三万人のための情報誌 選択出版

書店では手に入らない、月刊総合情報誌会員だけが読める月間総合情報誌

経済

《クローズ・アップ》米倉弘昌(日本経済団体連合会会長)

五月末に一期目の任期が満了

2012年1月号

 米倉弘昌氏(住友化学会長)が日本経済団体連合会会長に就任して二年がたとうとしている。五月末には任期満了となるが、「ポスト米倉」をめぐる噂話はさほど盛り上がっていない。

 御手洗冨士夫前会長(キヤノン会長)の後継をめぐっては、任期満了の半年以上前から中村邦夫・パナソニック会長、西田厚聰・東芝会長、佐々木幹夫・三菱商事会長(当時)ら様々な名前があがり、激しいつばぜり合いが展開された。

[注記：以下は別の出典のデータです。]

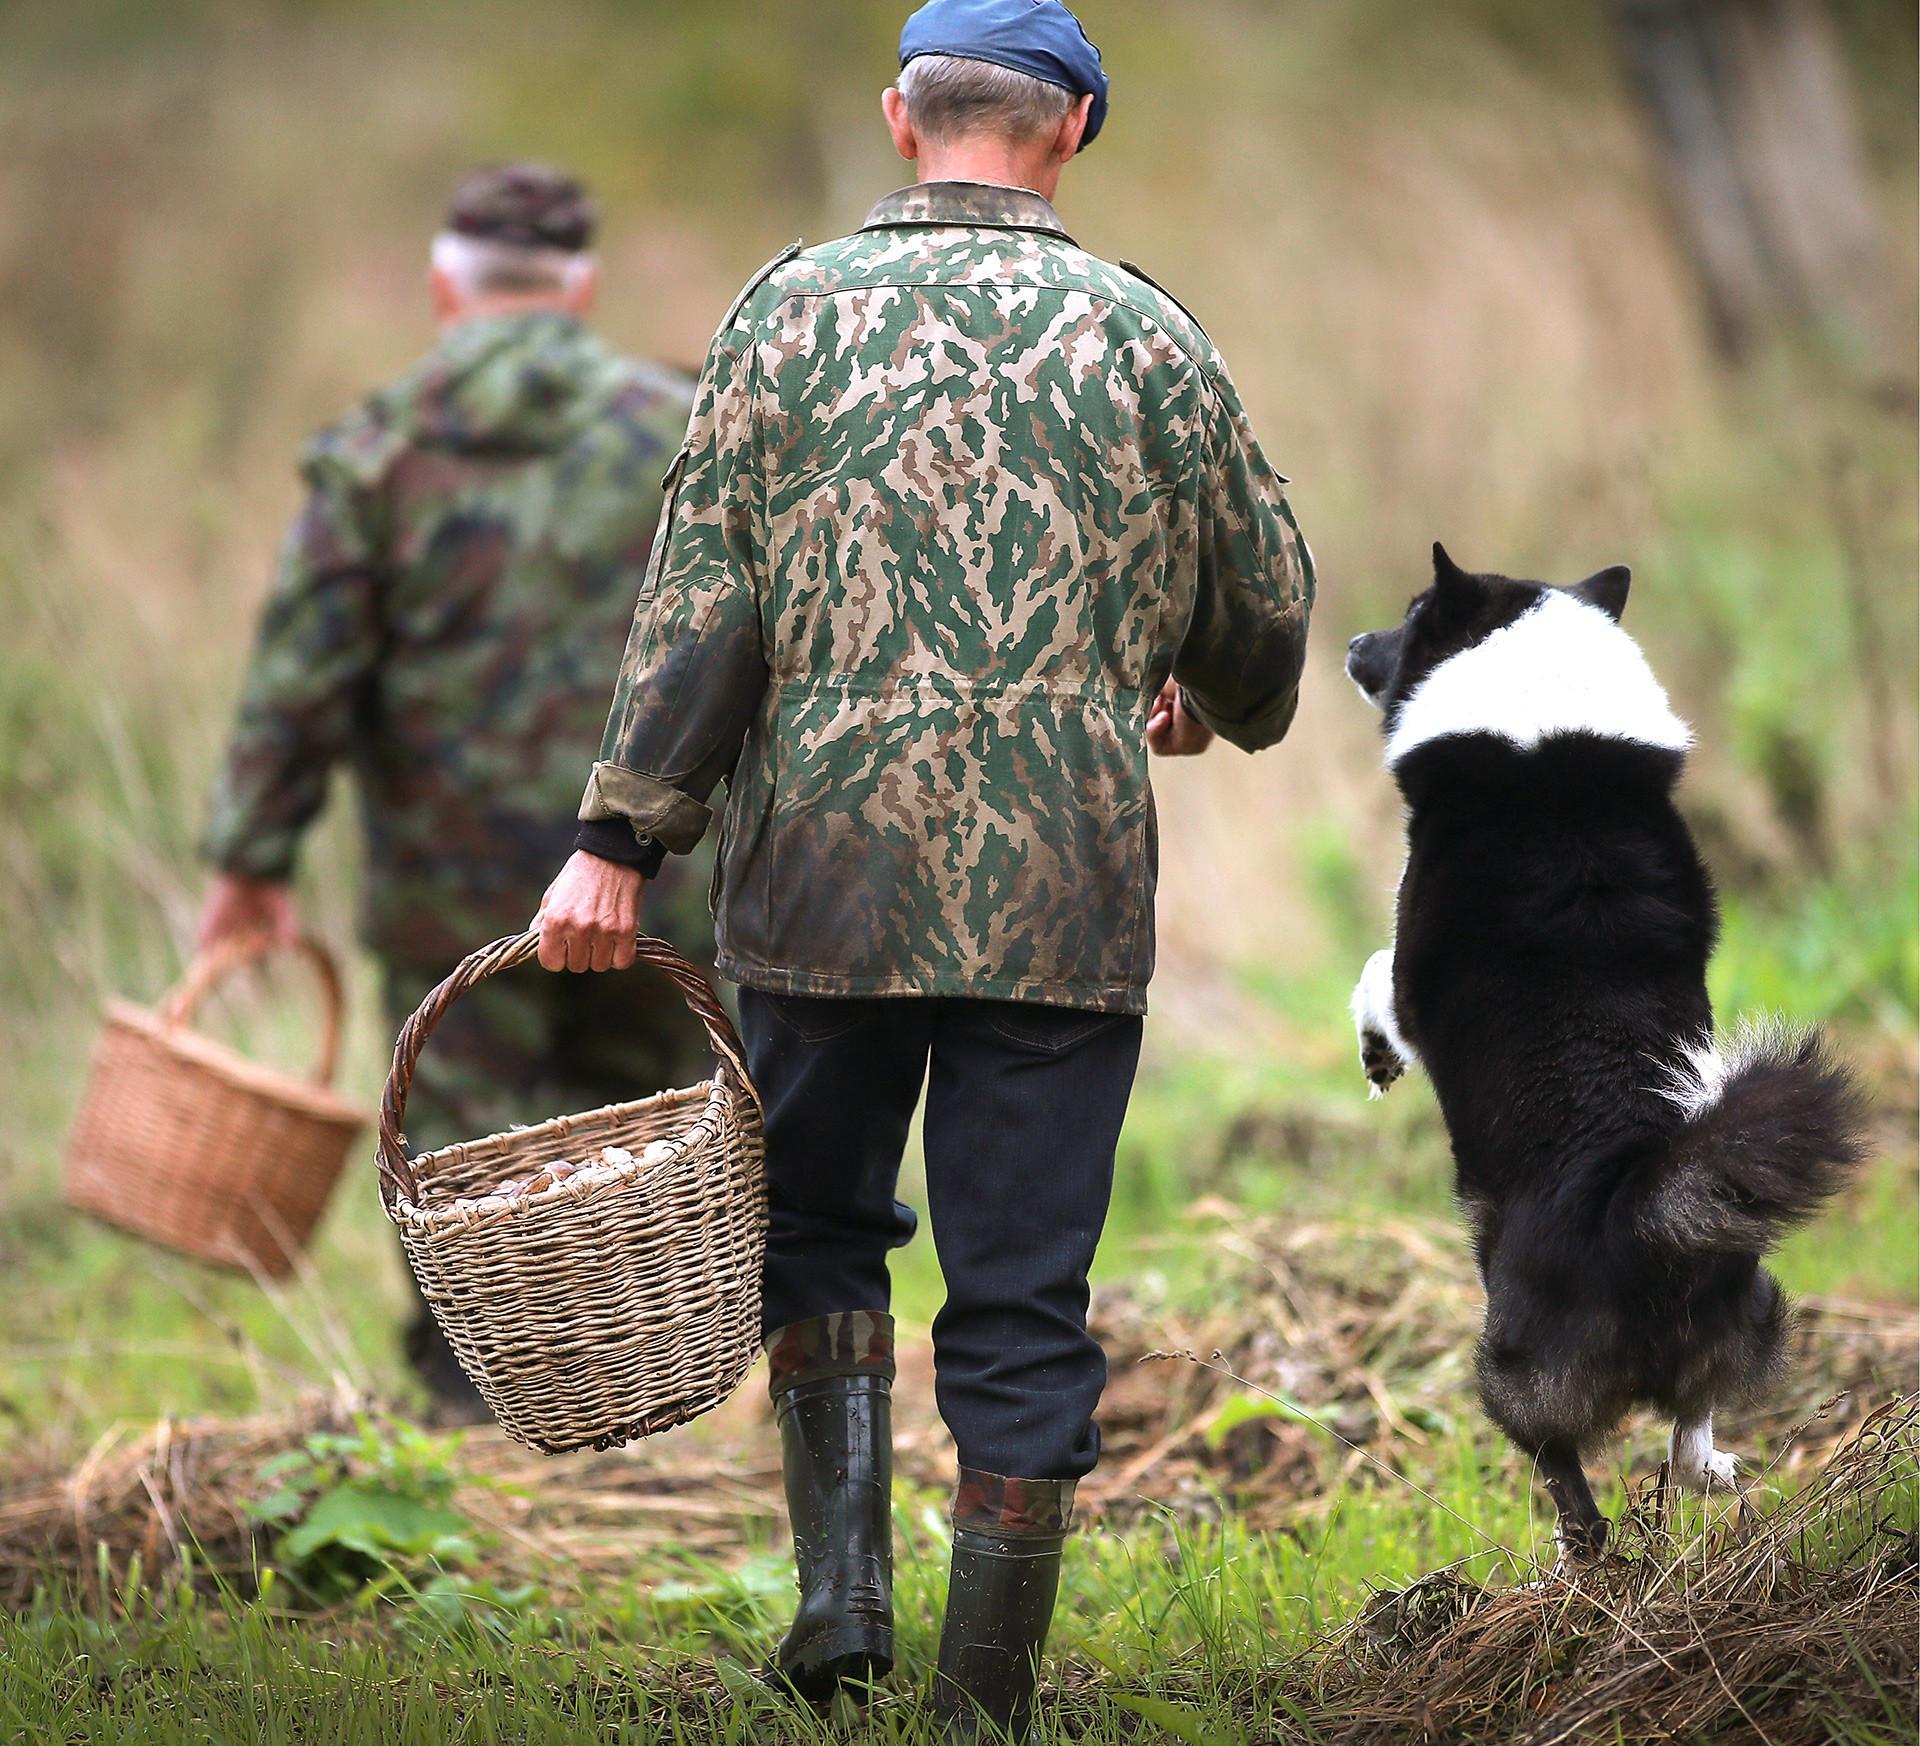 Pergi ke hutan dan menghabiskan berjam-jam mencari jamur - hampir setiap orang Rusia menyukainya.

そこからダークホースとして米倉氏が浮上、会長の座を射止めた。だが、今回は噂にのぼる候補も少なく、「会長人事が話題にされないほど、経団連は存在感が薄れたか」との声も財界人から聞かれる。

 米倉氏本人は続投に意欲を持っているとも言われるだけに、話も盛り上がりにくい面がある。だが、年齢はすでに御手洗前会長の退任時と同じ七十四歳。二〇一一年の秋にはある会合で壇上に上がろうとして、わずか五、六段の階段をのぼりきれず、尻餅をつくという肉体的衰えも示した。常識では続投は考えられない。